=== Task directions ===
Return the data that follows exactly as it appears. Pictures do not belong in the copy.

=== Provided material ===
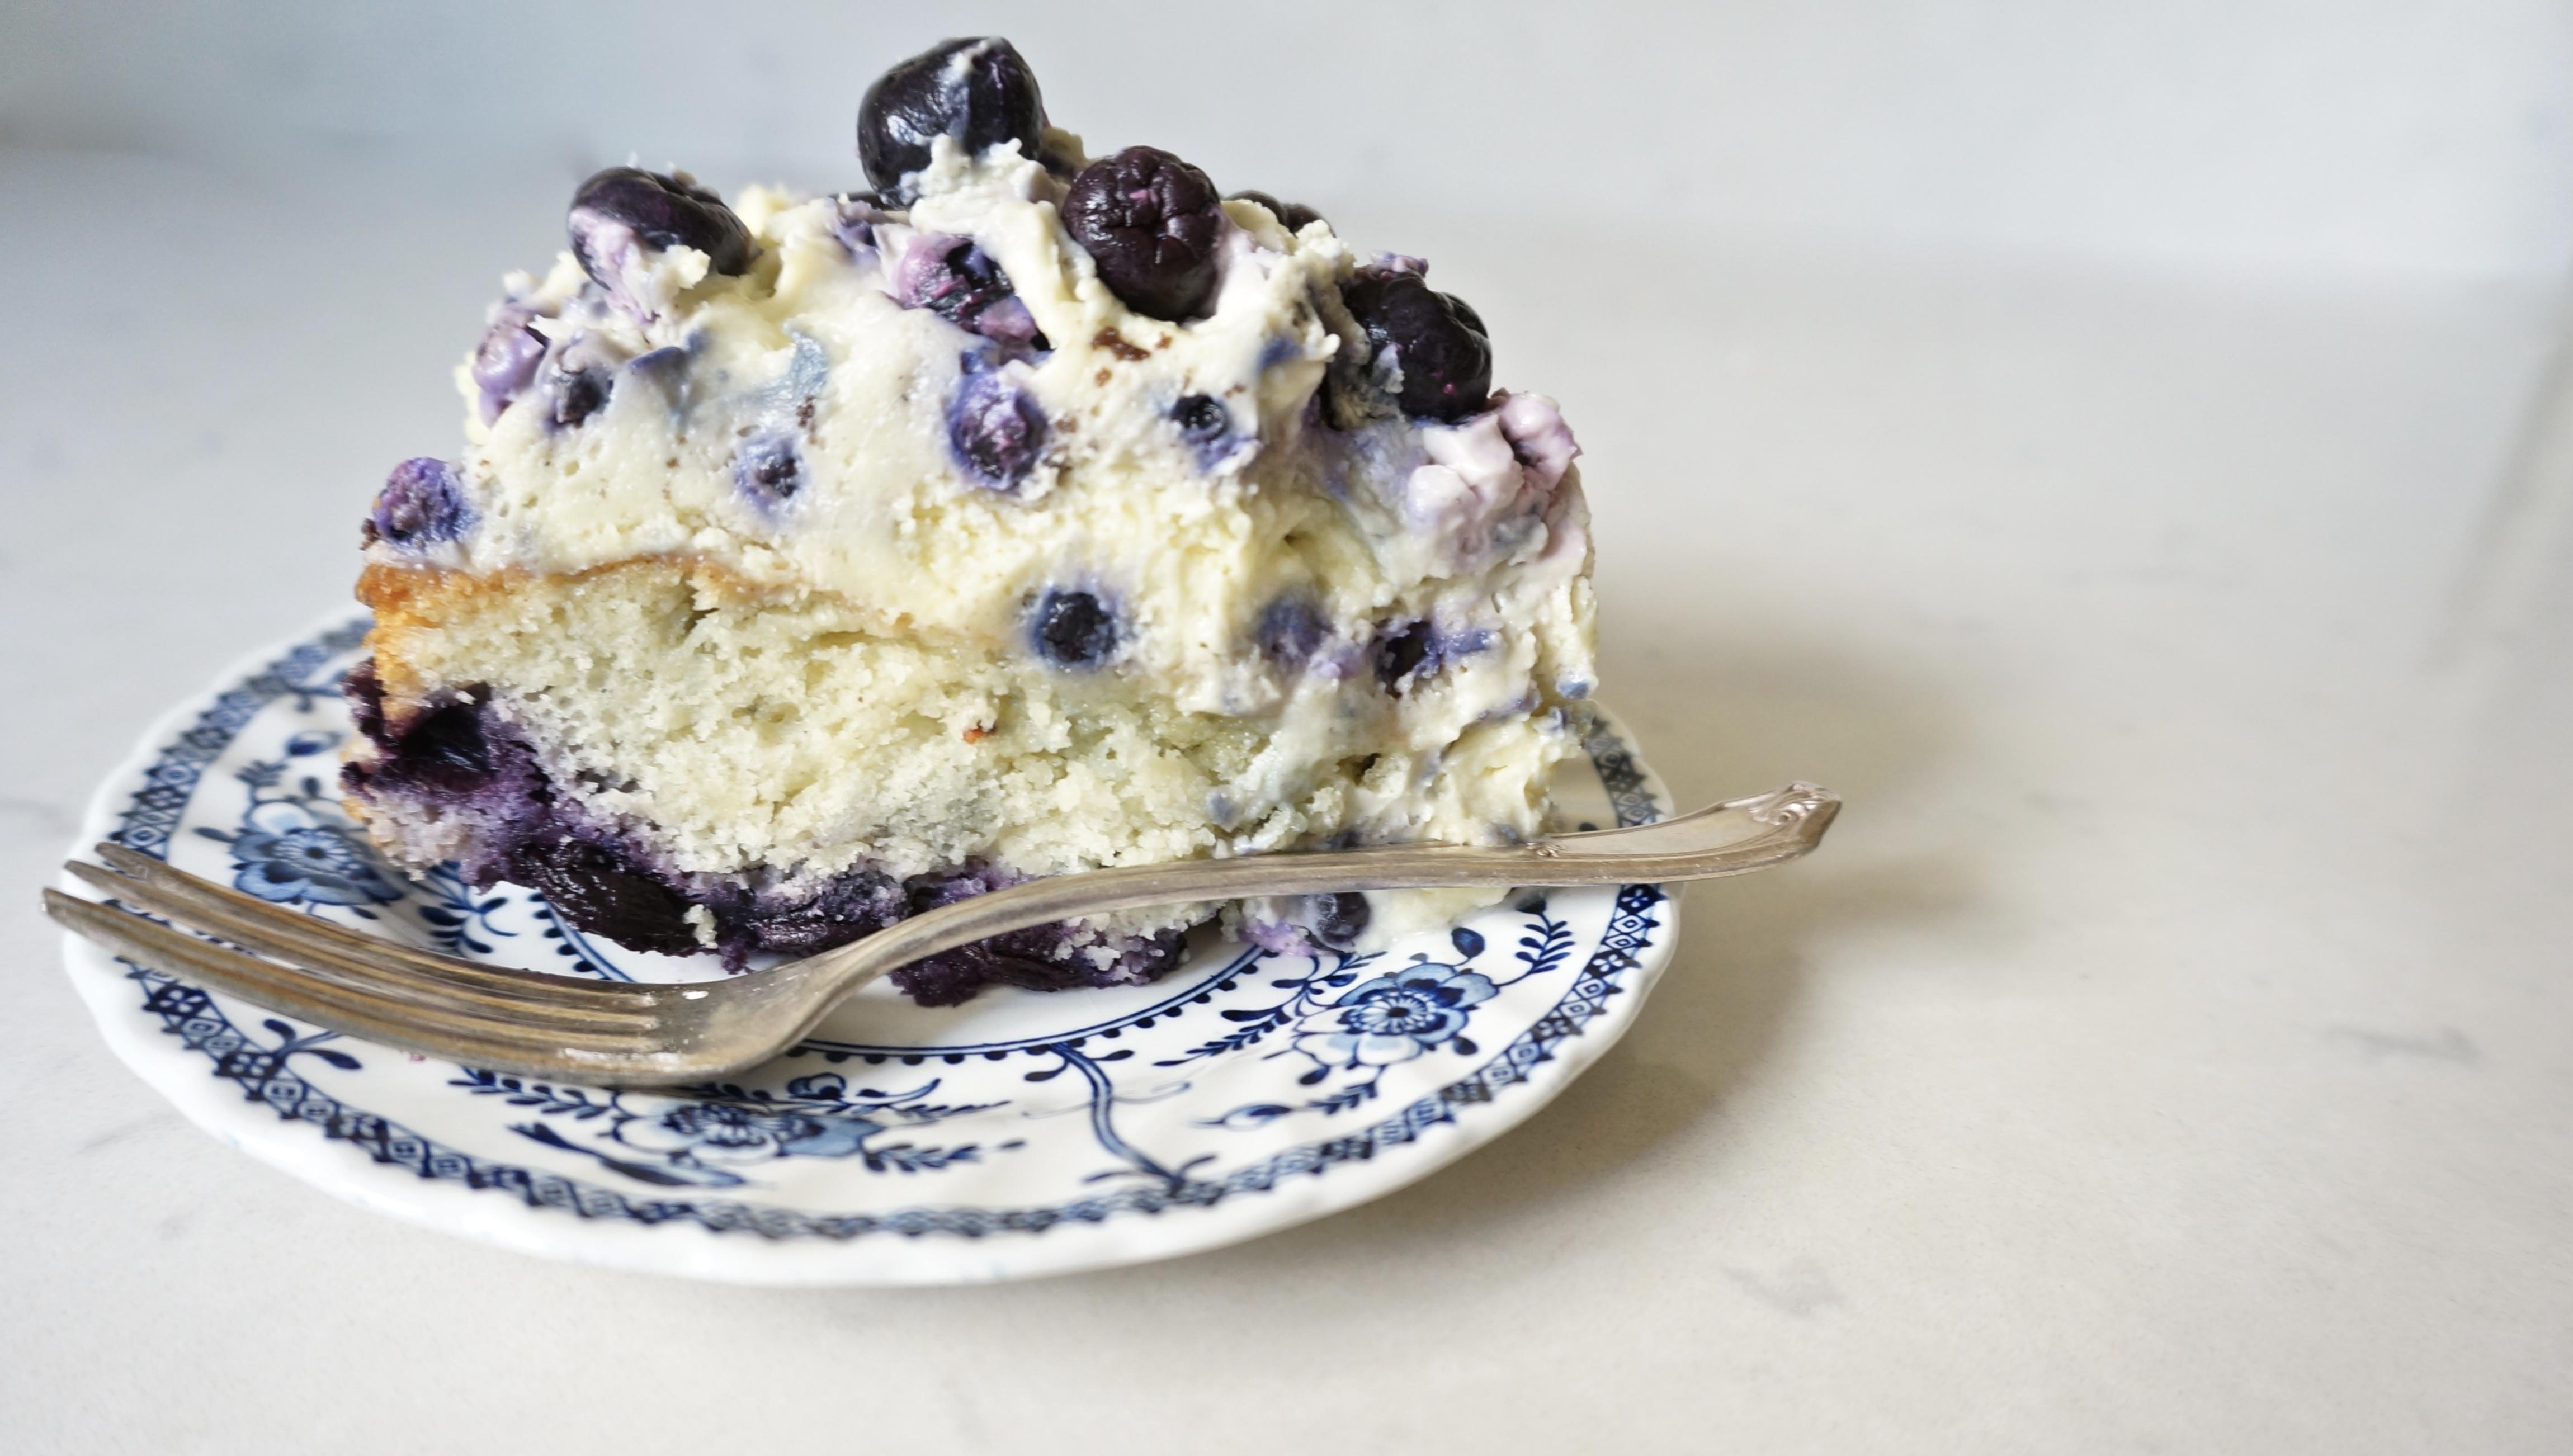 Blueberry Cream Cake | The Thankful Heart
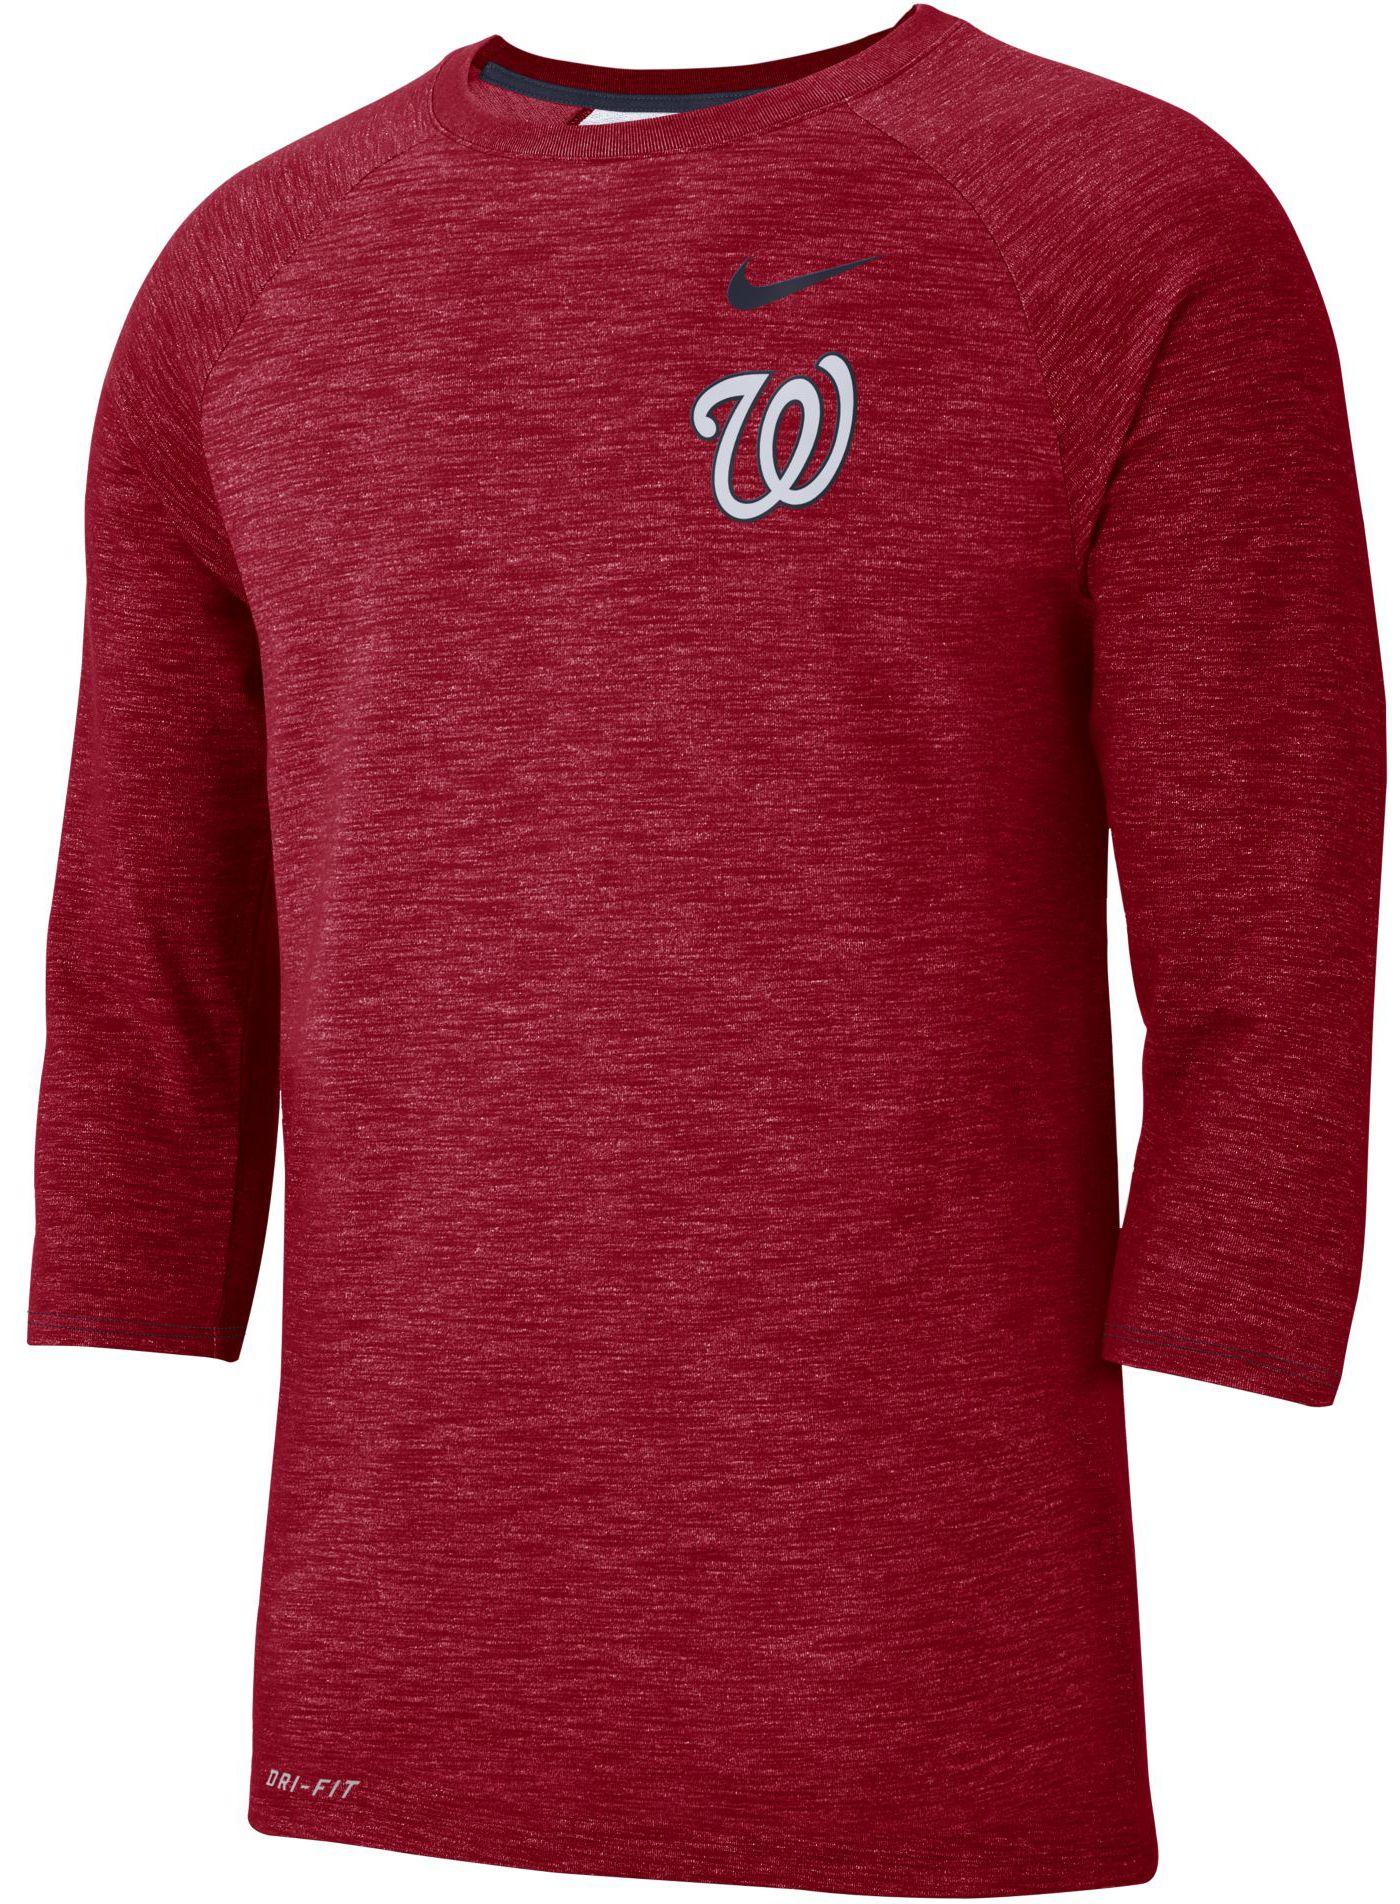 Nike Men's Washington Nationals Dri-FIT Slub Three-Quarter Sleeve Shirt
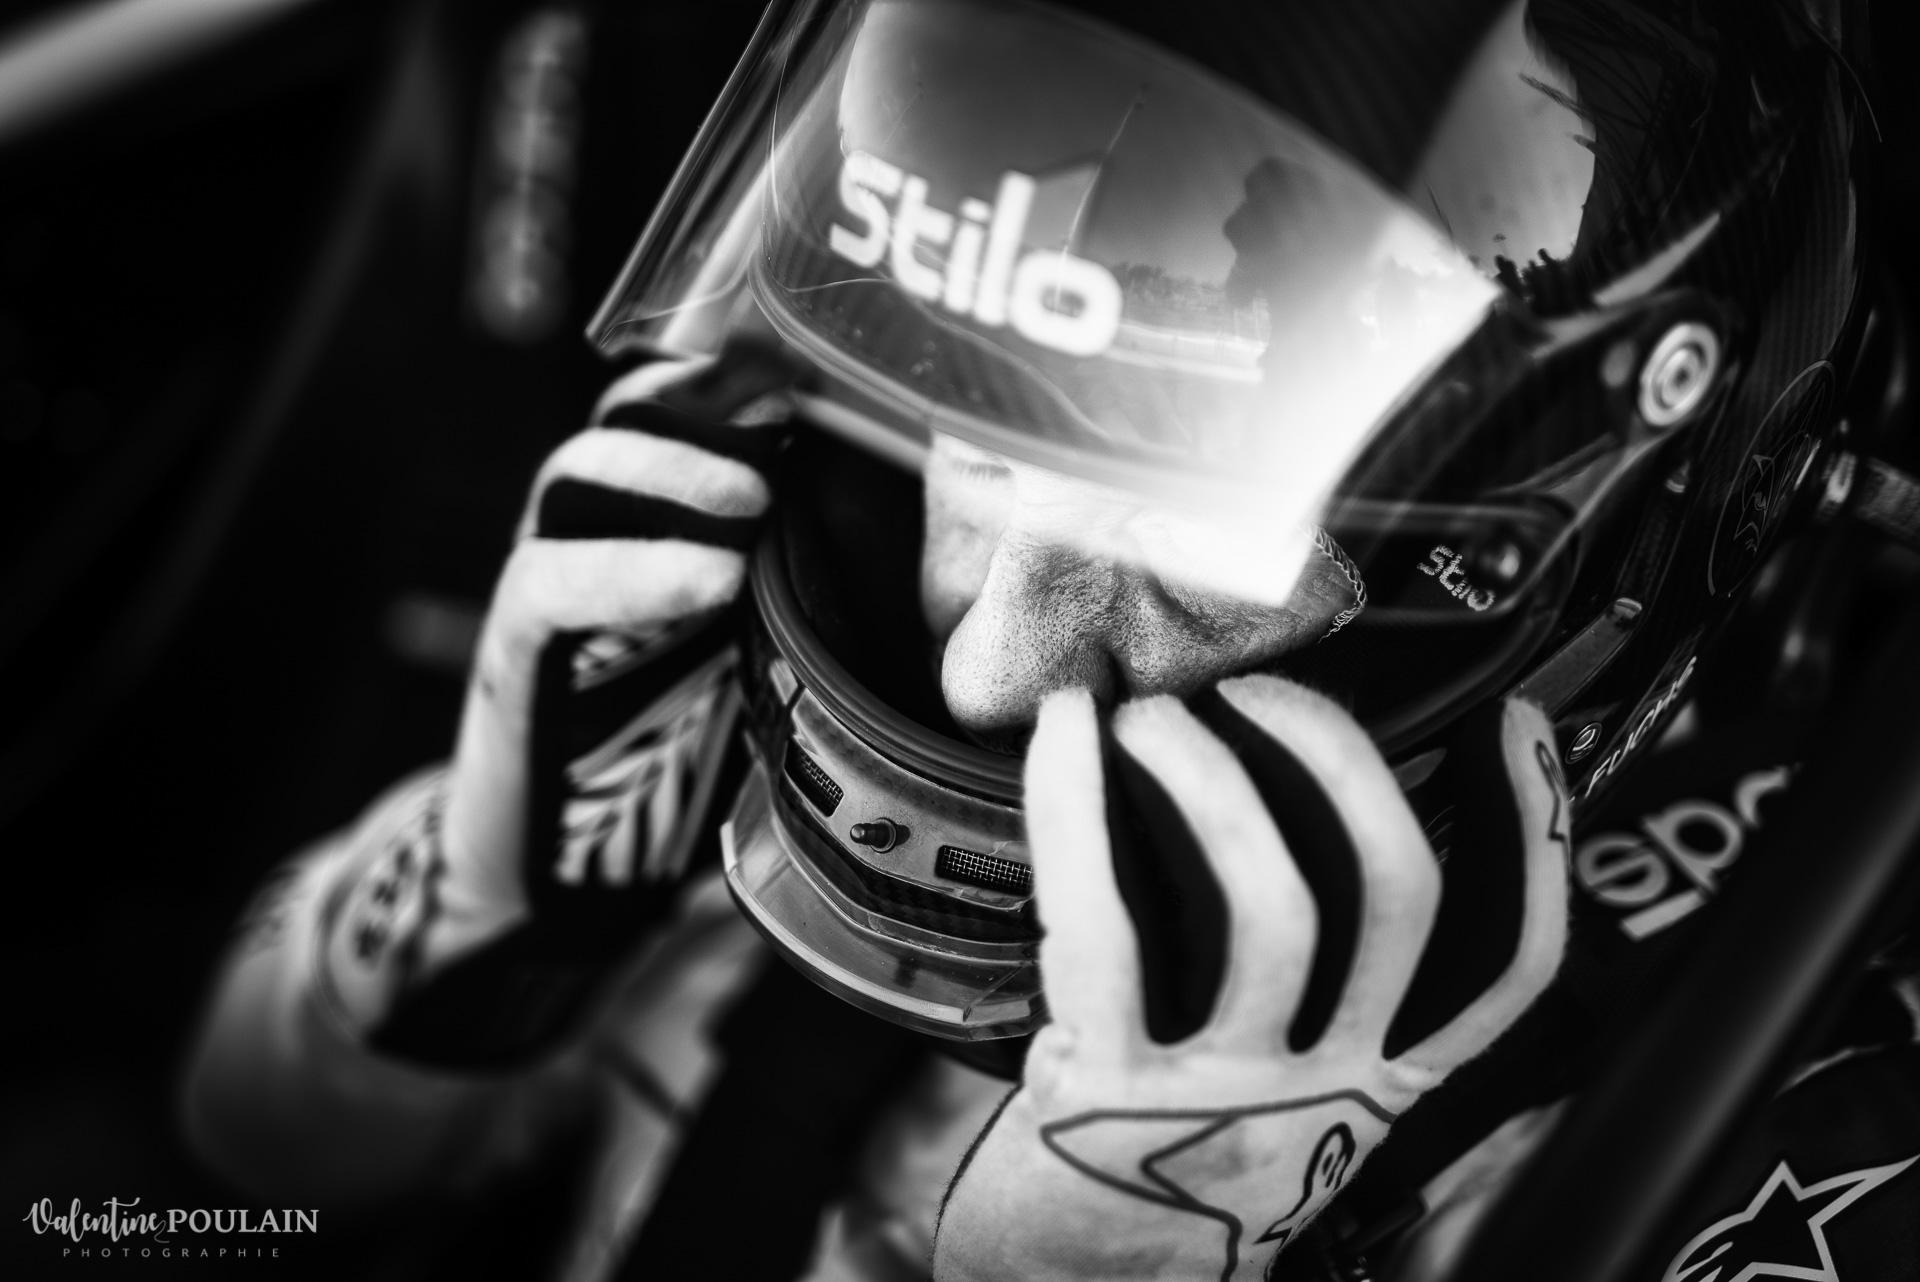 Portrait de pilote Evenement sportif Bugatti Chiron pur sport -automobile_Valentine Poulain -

=== Exercise answer ===
 Blueberry Cream Cake | The Thankful Heart
 Nike Men's Washington Nationals Dri-FIT Slub Three-Quarter Sleeve Shirt
 Portrait de pilote Evenement sportif Bugatti Chiron pur sport -automobile_Valentine Poulain -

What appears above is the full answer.